In 1992, Iommi appeared at The Freddie Mercury Tribute Concert, playing four songs with the remaining members of Queen and other guest artists. Geezer Butler also returned to Sabbath that year. In the following year Iommi teamed up with fellow Black Country band Diamond Head and co-wrote the song "Starcrossed (Lovers in the Night)" for their 1993 Death and Progress album. At Osbourne's "farewell" concert at Costa Mesa in 1992, Dio refused to perform and abruptly left the band. As a result, Rob Halford was recruited to perform as the vocalist for two gigs (Halford also sang at one of the dates on the 2004 Ozzfest tour, when Osbourne could not perform due to bronchitis).
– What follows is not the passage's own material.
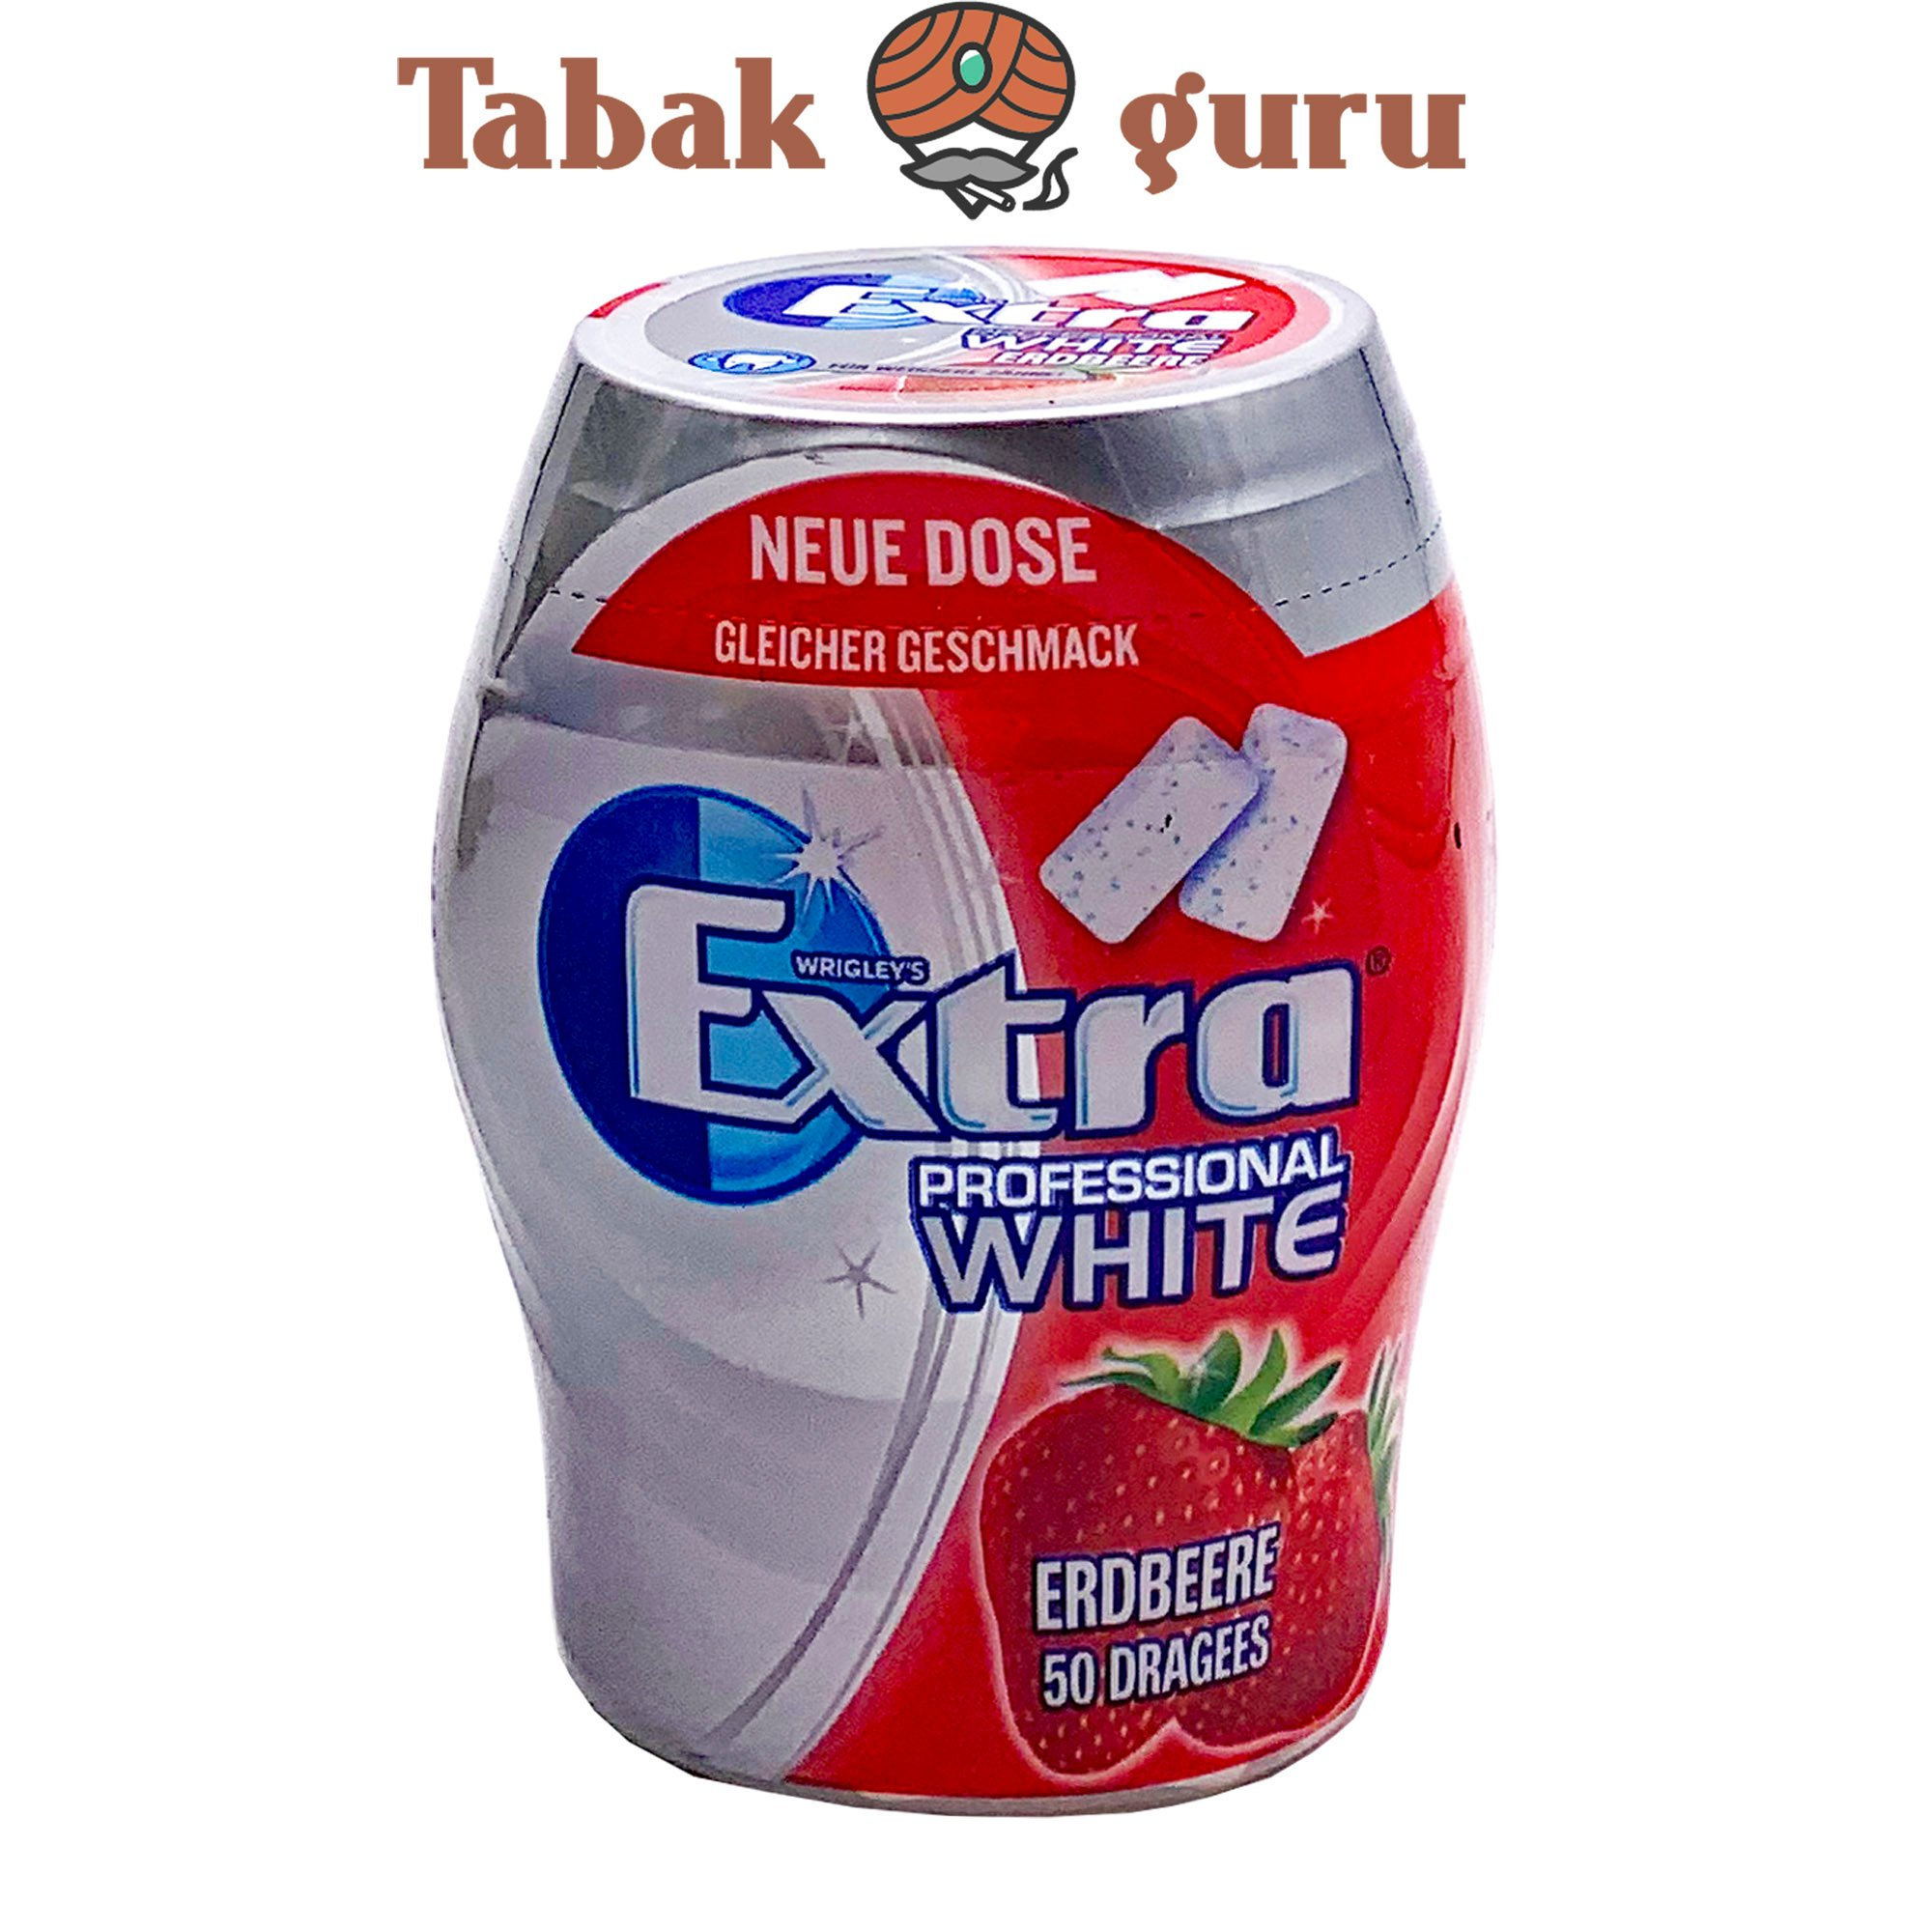 Wrigleys Extra Professional White Erdbeere Geschmack Inhalt 50 Dragees

Following Osbourne's solo set, the show concluded with the other members of the original Black Sabbath line-up joining for a 4-song reunion.

Black Sabbath went on to record two further albums with Tony Martin before the original line-up reunited as a touring band in 1997. While Bill Ward played at the two initial reunion shows at Birmingham NEC in December 1997, he was not present for the following two reunion tours, his second absence due to a heart attack. Ward was replaced by Mike Bordin and then Vinny Appice.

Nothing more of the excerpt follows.